If the electronic method is chosen and the data subject is requested to give consent, it should be noted that this request should be made in as clear and concise a form as possible and without unnecessary interruption of the service .


Specificity

Consent must be sufficiently specific. The data subject must know which personal data relating to him or her will be processed, for what purpose, by whom and, if applicable, to whom it will still be disclosed. Therefore, the declaration of consent (or privacy policy) should always state that data will or will not be passed on to third parties or third countries.


Informed consent

The data subject must be given all the necessary information to enable him or her to decide whether to give consent. It should be assumed that the data subject can understand the content and scope of the declaration on the basis of the information. Therefore, the information should be provided in as clear, transparent, understandable and orderly a manner as possible. The font should be easy to read, the content should be coherent and the text passages should build on each other.

Performing a task that is in the public interest

The GDPR provides a legal basis for the processing of personal data in Art. 6 (1) (e) if this is necessary to perform a task in the public interest. According to Art. 6 (3) GDPR, the legal basis is determined by the "law of the Member States to which the controller is subject", i.e. federal and state laws.

The Lower Saxony Data Protection Act (LSDPA) supplements Art. 6 para. 1 lit. e in § 3 LSDPA. According to this, the processing of personal data is permissible insofar as it is necessary for the fulfilment of a task that lies within the competence of the person responsible.

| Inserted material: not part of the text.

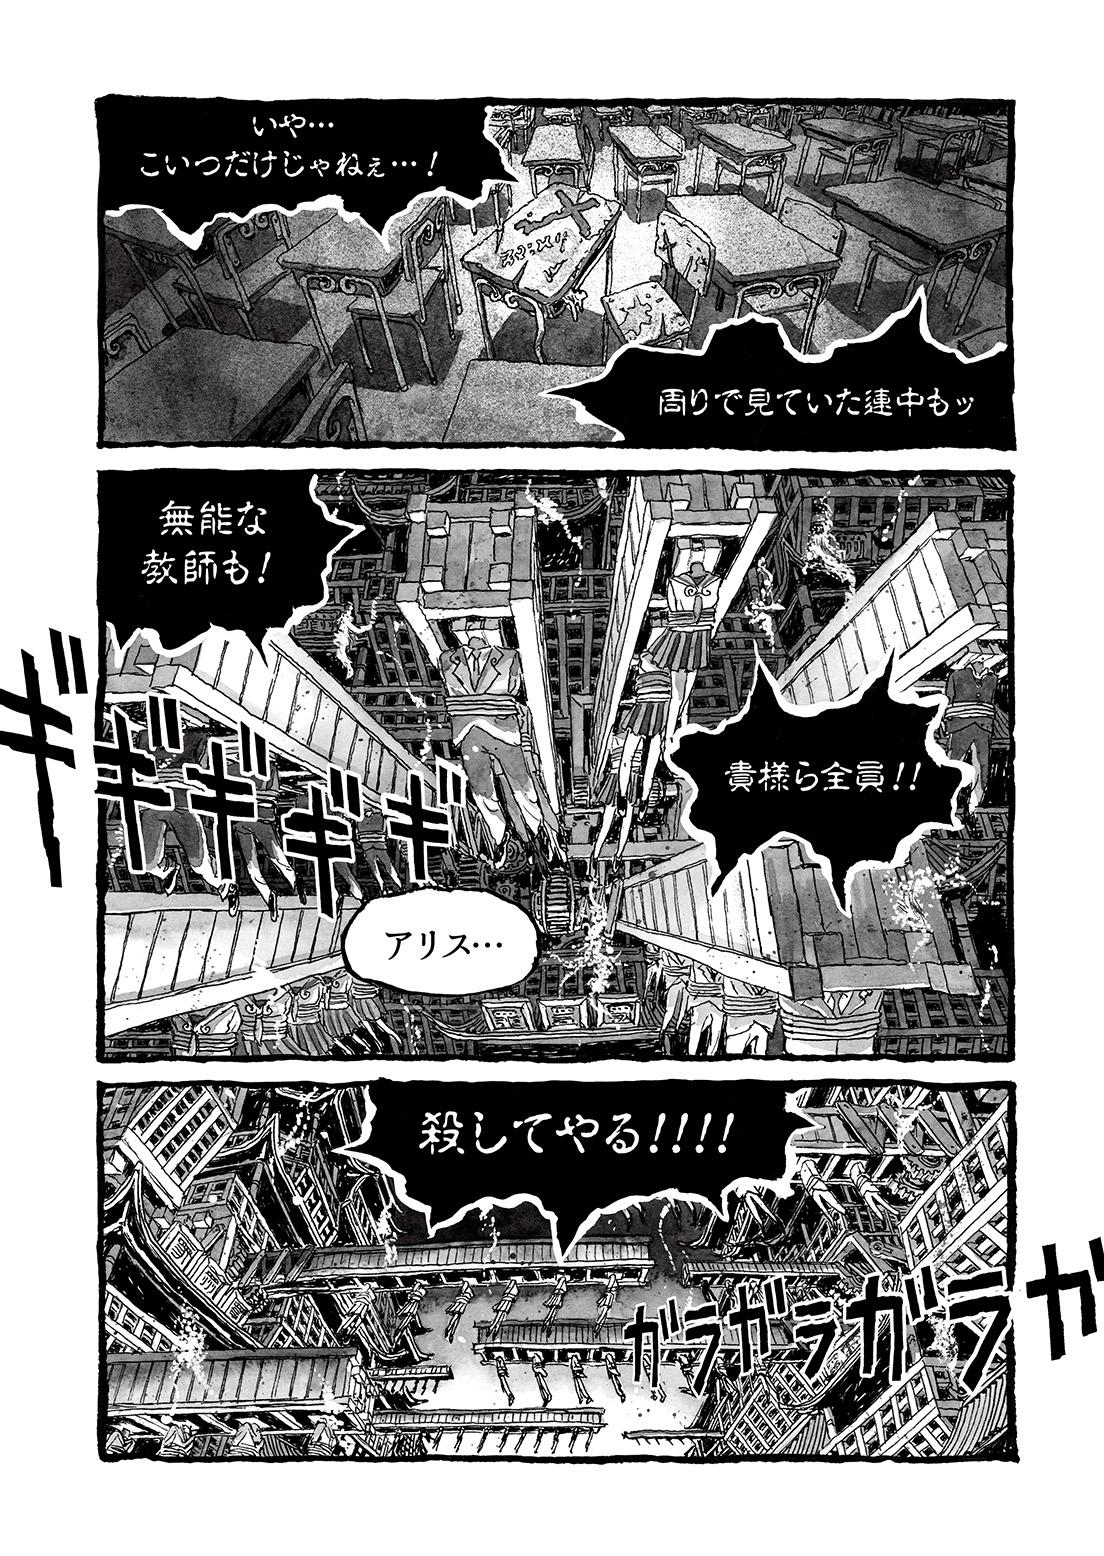 長編漫画「BIBLIOMANIA」連載 第2話「430号室の審判」15P

Which tasks of public interest are now within the competence of the members and staff of the University of Oldenburg for fulfilment is stated in particular in the Lower Saxony Higher Education Act (NHG).

Therefore, if processing is to be based on the legal basis of Art. 6(1)(e) GDPR, Section 3 LSDPA and the respective special provision from the NHG or another law must also be cited in the data protection or consent declaration. This is the only way to provide the data subject with sufficient and specific information.

Thus, Section 13 LSDPA, which is applicable via Art. 6 para. 1 lit. e / Art. 9 para. 2 lit. j GDPR i.V.m. § Section 3 LSDPA, provides for data processing for a specific scientific or historical research project. If special categories of personal data are collected, the path must go via Art. 9 DSGVO. The chain of norms would then be either:

  • Art. 6 para. 1 lit. e GDPR in conjunction with. §§ 3 p. 1 no. 1, 13 LSDPA or
  • Art. 9 para. 2 lit. j GDPR in conjunction with. §§ 3 p. 1 no. 1, 13 LSDPA

A legal basis for processing personal data is also required if the data is pseudonymised. Only in the case of anonymised data (can also be achieved, for example, through sufficient aggregation ) do the strict provisions of the GDPR no longer apply.